Reputation: 1151
Given partitioned by some_field (of int type) Hive table with data stored as Avro files, I want to query table using Spark SQL in a way that returned Data Frame have to be already partitioned by some_field (used for partitioning).
Query looks like just
SELECT * FROM some_table
By default Spark doesn't do that, returned data_frame.rdd.partitioner is None.
One way to get result is via explicit repartitioning after querying, but probably there is better solution.
HDP 2.6, Spark 2.
Thanks.
Upvotes: 3
Views: 901
Reputation: 330093
First of all you have to distinguish between partitioning of a Dataset
and partitioning of the converted RDD[Row]
. No matter what is the execution plan of the former one, the latter one won't have a Partitioner
:
scala> val df = spark.range(100).repartition(10, $"id")
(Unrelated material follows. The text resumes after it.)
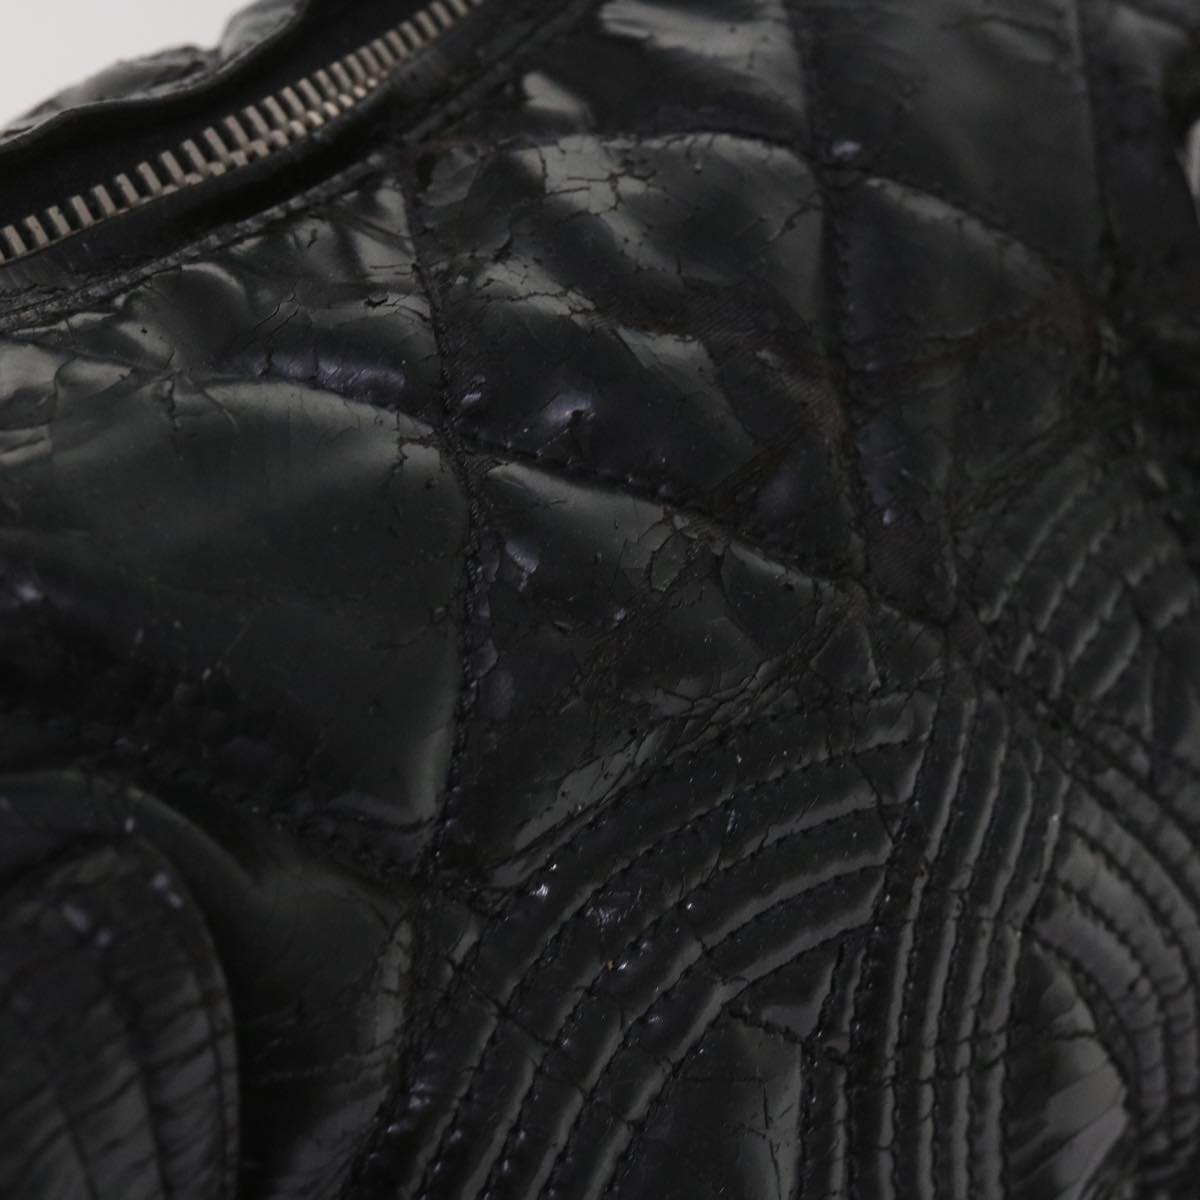 CHANEL Shoulder Bag Patent leather Black CC Auth bs11782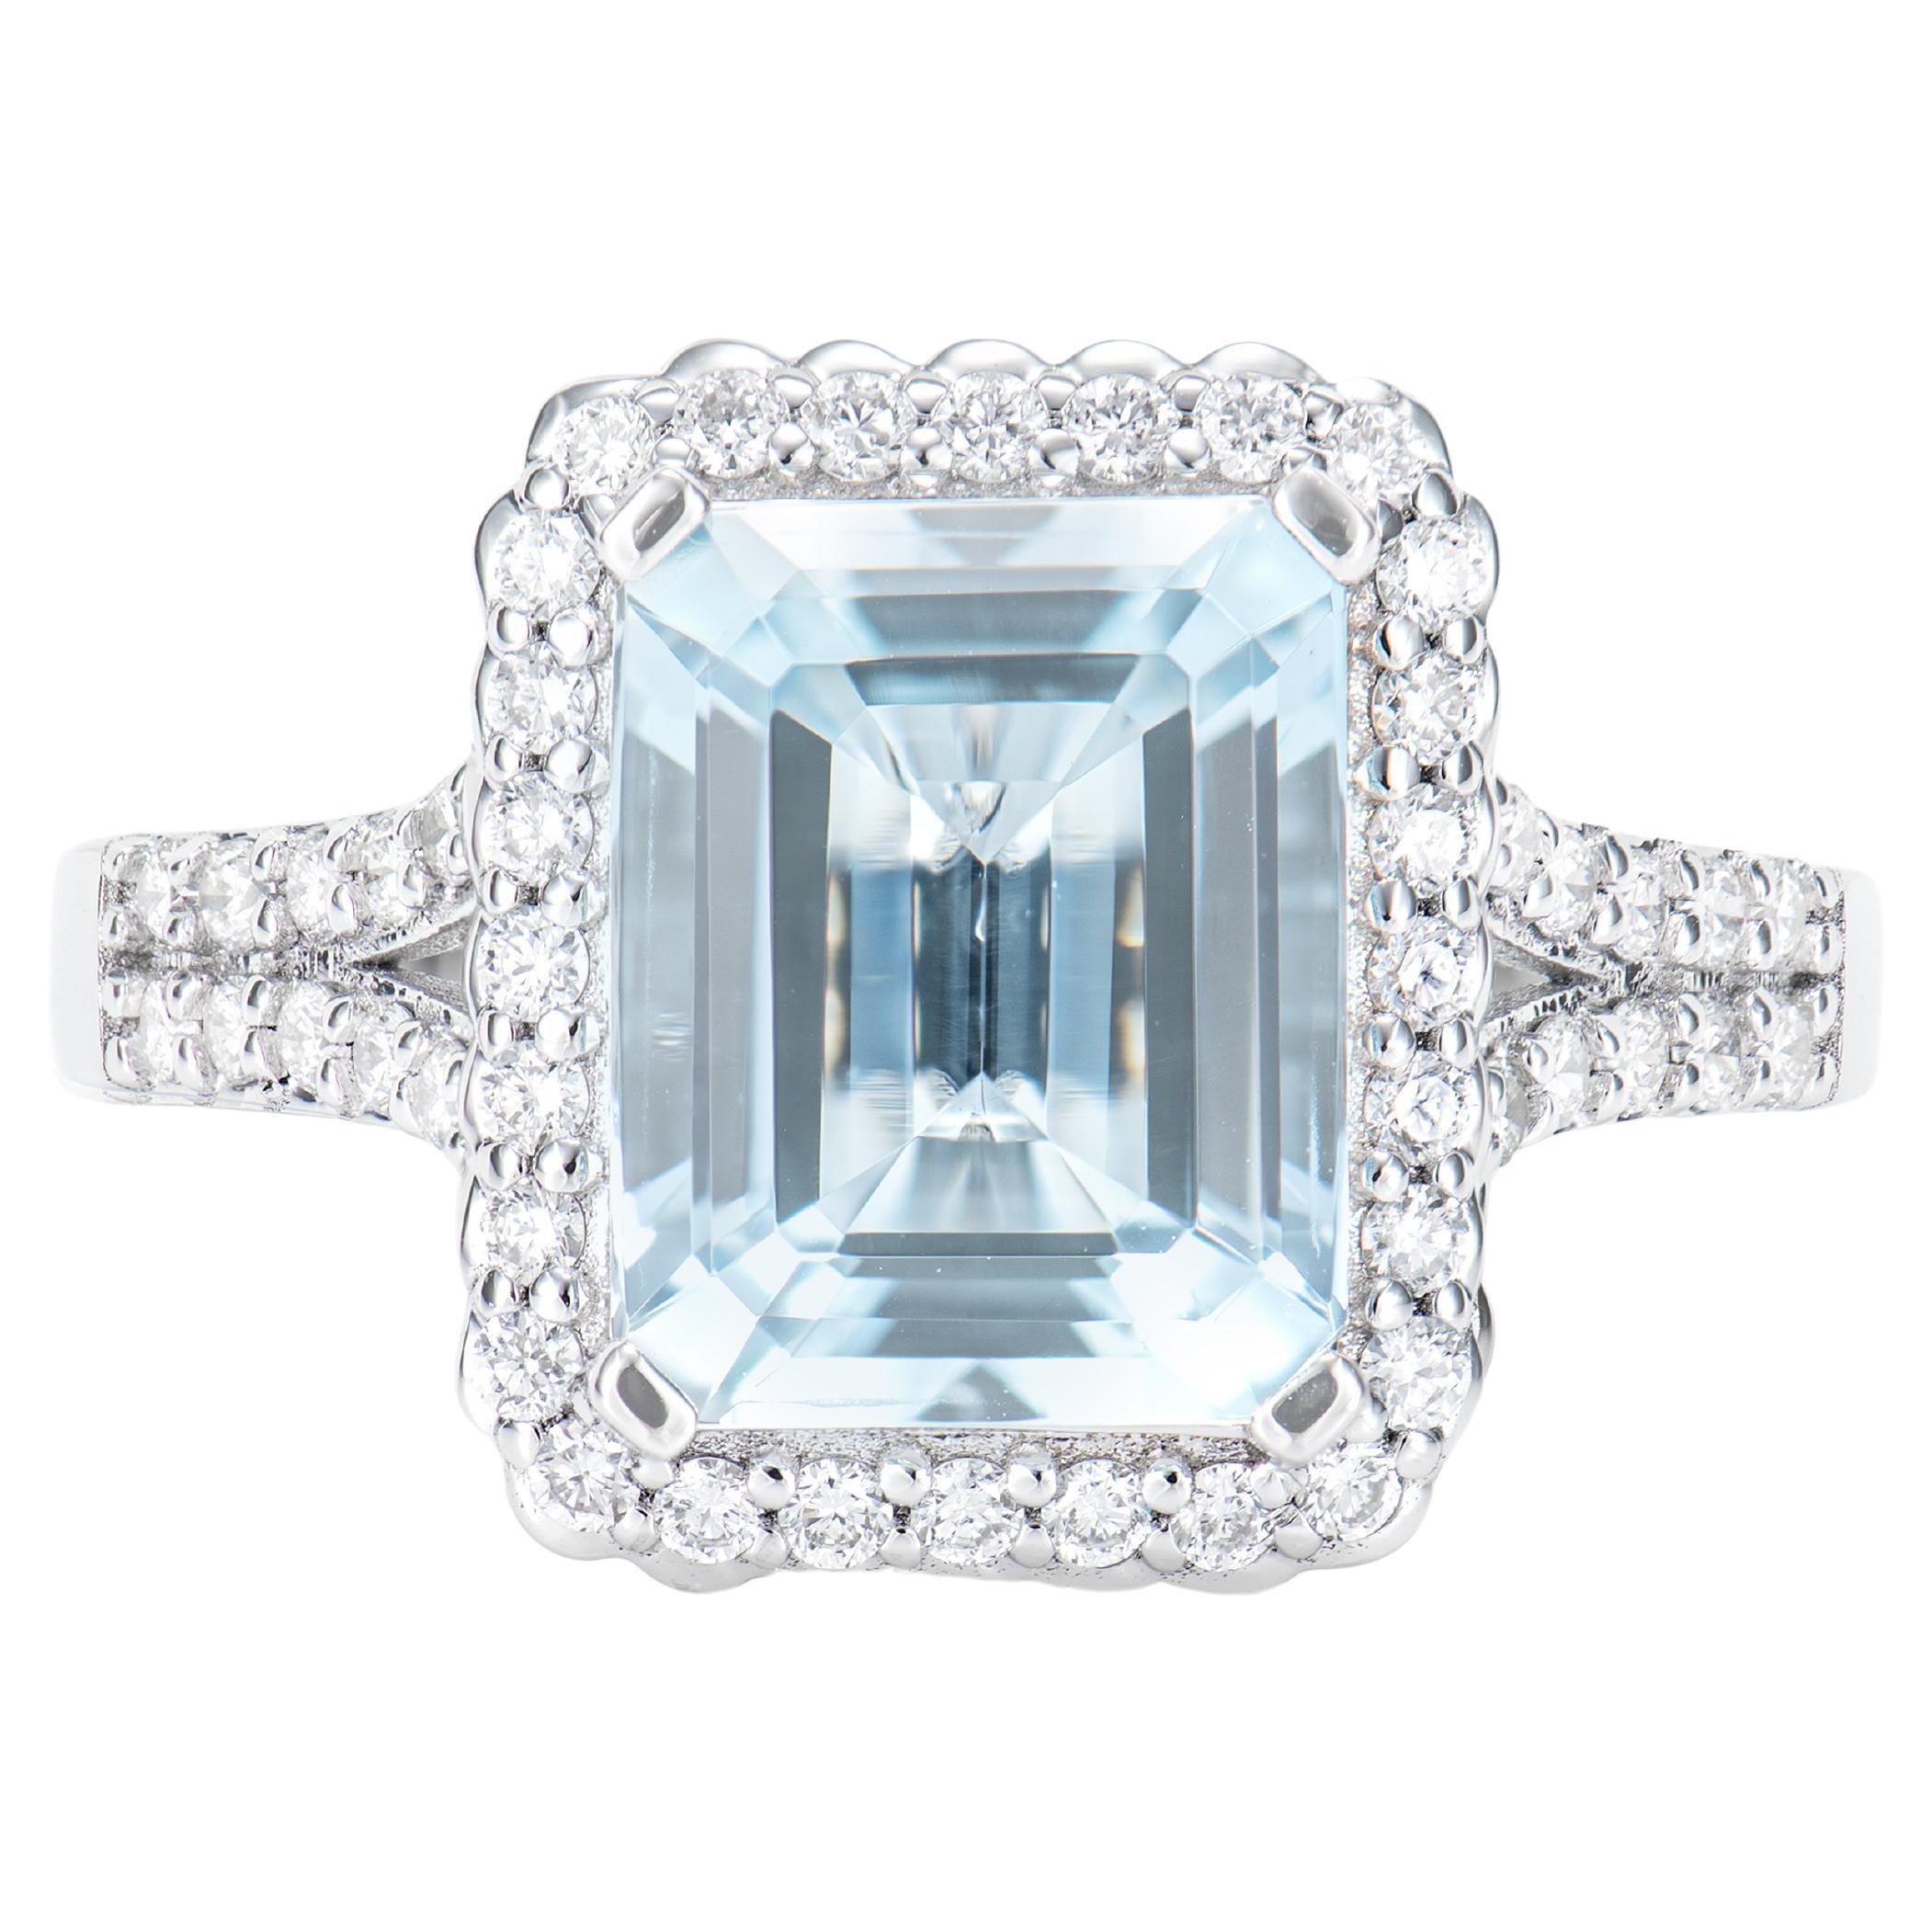 2.66 Carat Aquamarine Elegant Ring in 18 Karat White Gold with White Diamond

df: org.apache.spark.sql.Dataset[Long] = [id: bigint]
scala> df.rdd.partitioner
res1: Option[org.apache.spark.Partitioner] = None
However internal RDD
, might have a Partitioner
:
scala> df.queryExecution.toRdd.partitioner
res2: Option[org.apache.spark.Partitioner] = Some(org.apache.spark.sql.execution.CoalescedPartitioner@5a05e0f3)
This however is unlikely to help you here, because as of today (Spark 2.2), Data Source API is not aware of the physical storage information (with exception of simple partition pruning). This should change in the upcoming Data Source API. Please refer to the JIRA ticket (SPARK-15689) and design document for details.
Upvotes: 4